THE SPANISH PEARL isn't quite like any time travel novel I've ever read before. For one thing, eleventh century Spain wasn't a historical period I felt knowledgeable about. But it doesn't matter!

For one thing, the history is dealt to the reader with a light hand. 1085 AD is a perfect backdrop for this wild romp. The observations Kate Vincent, our plucky heroine, makes about eleventh century Spain through her contemporary eyes are priceless. When she first encounters a band of what she thinks are guys doing an historical re-enactment, one of them asks her if she needs help. She says yes and then thinks: "What nimrod. I was out in the middle of nowhere by myself. What did he think I needed – a French vanilla latte?" (p. 29).

Kate simply cannot believe what's happened to her, and her slow realization of the truth is comical. "Another, less plausible, totally fantastical explanation kept creeping in, but I repeatedly pushed it away. Time travel was for rabid fans of Star Trek and Stargate, not for me" (p. 43). It's some time before Kate finally accepts that she's been transported back in time, and an immediate concern is that she must live without Diet Coke. But very quickly, she realizes that eleventh century Spain isn't going to be a good place for a twenty-first century American who has few useful skills. She can't throw a knife straight, much less wield a sword, isn't used to horses, doesn't know the culture, and can't fight worth beans. Luckily she does speak Spanish and know a bit of the history of the time, but if not for Luis Navarro, the leader of a band of mercenaries who puts her under his protection, Kate would be in a very bad place. Like dead.

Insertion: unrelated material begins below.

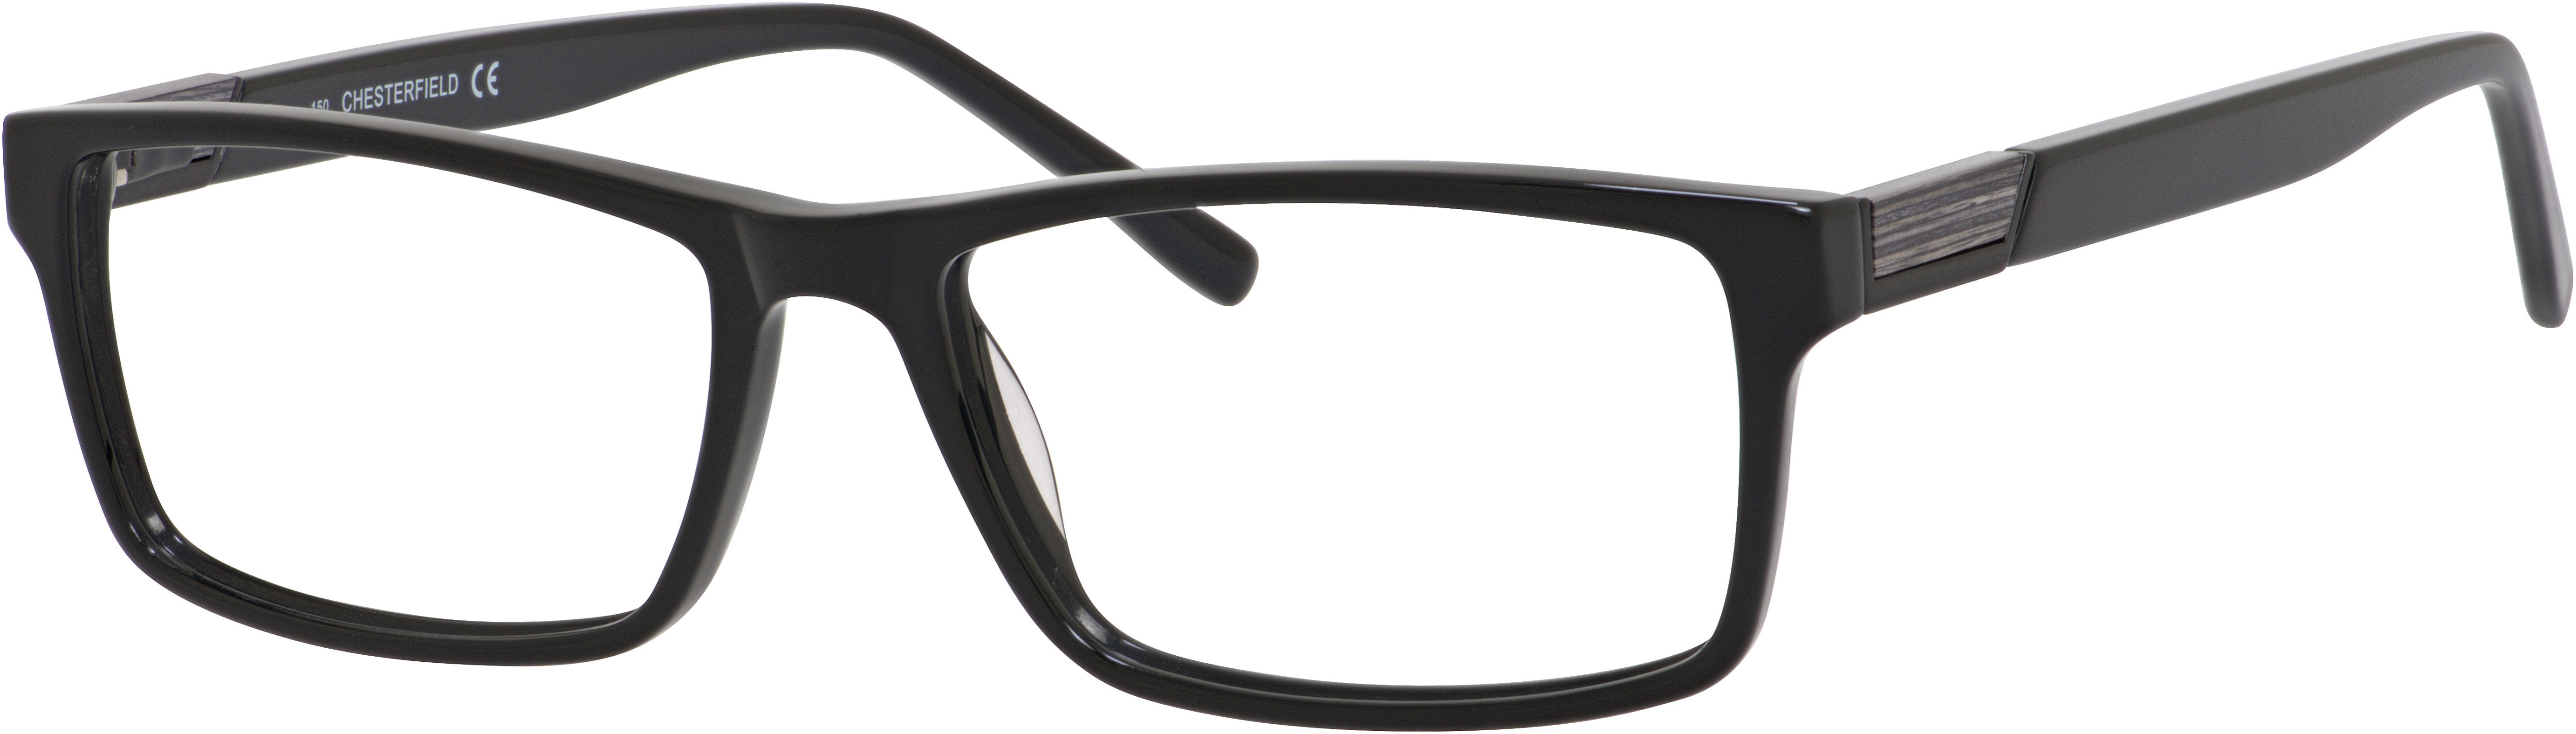  Chesterfield 44 XL Rectangular Eyeglasses 0807-0807  Black (00 Demo Lens)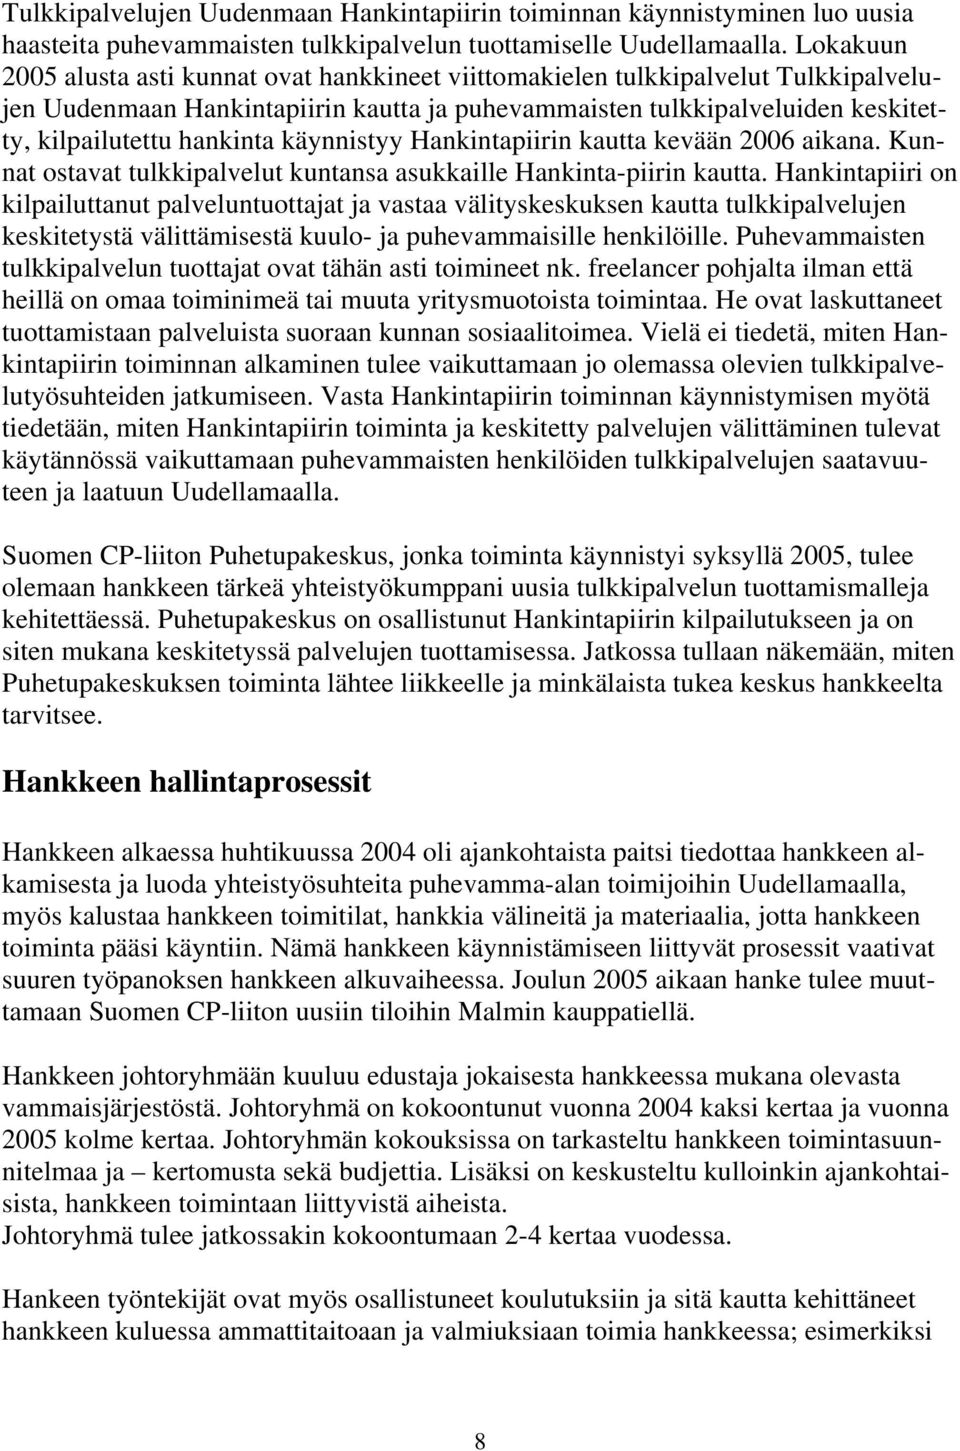 käynnistyy Hankintapiirin kautta kevään 2006 aikana. Kunnat ostavat tulkkipalvelut kuntansa asukkaille Hankinta-piirin kautta.

Instead she's caught up in the politics and power struggle between the Christians and the Moors, and she has to risk everything to figure out how to get back to her own time. But first, she's going to make friends, fall in love, and get in and out of terrible predicaments. Her attempts to escape a harem, dungeons, and from various captors are often suspenseful and occasionally hilarious.

This is a rollicking good tale, full of adventure, humor, romance, and high stakes suspense, for Kate's friends and foes are not always who or what they seem. It will take all the smarts and patience of a severely decaffeinated woman to figure out what she wants, not to mention how to actually get home.

The author does a terrific job with characterization, lush setting, action scenes, and droll commentary. This is one of those well-paced, exciting books that you just can't quite put down. ("Just one more chapter… Uh oh, I need to find out what happens next… Can't stop now - just a little further!). If you're like me, soon enough you'll realize it's three a.m. and you can't stop devouring it until you get to the wonderful conclusion.

An excerpt from the sequel, THE CROWN OF VALENCIA, is included in the back of this book, and I would strongly suggest avoiding that. The sequel isn't out until November 2007, and it's killing me to wait to read it.

This is one of the very best books I've read in many months, so I give it my highest recommendation! Don't miss this one.

Charmed Lives
Toby Johnson & Steve Berman, editors
Lethe Press and White Crane Institute
102 Heritage Ave, Maple Shade, NJ, 08052,
1590210166 $16.00 www.lethepressbooks.com

Long-time spiritual writer Toby Johnson and publisher/writer Steve Berman have put together a much-needed collection of essays and stories about gay men and spirituality. So often, anti-gay activists go out of their way to malign gay people, and homophobes in mainstream churches often block gays from worship and religion. This collection offers an alternative to those small-minded persecutions.

What Johnson has been saying for years in books like GAY SPIRITUALITY and GAY PERSPECTIVE is that the spiritual consciousness expressed by gays—indeed, by all GLBTQ people—is a vital and evolutionary step forward for everyone on the planet. No longer need we be trapped in meaningless, dogmatic, fear-based, or male-dominated religious practices. There's hope and inspiration to be found by, for, and about homosexual lives.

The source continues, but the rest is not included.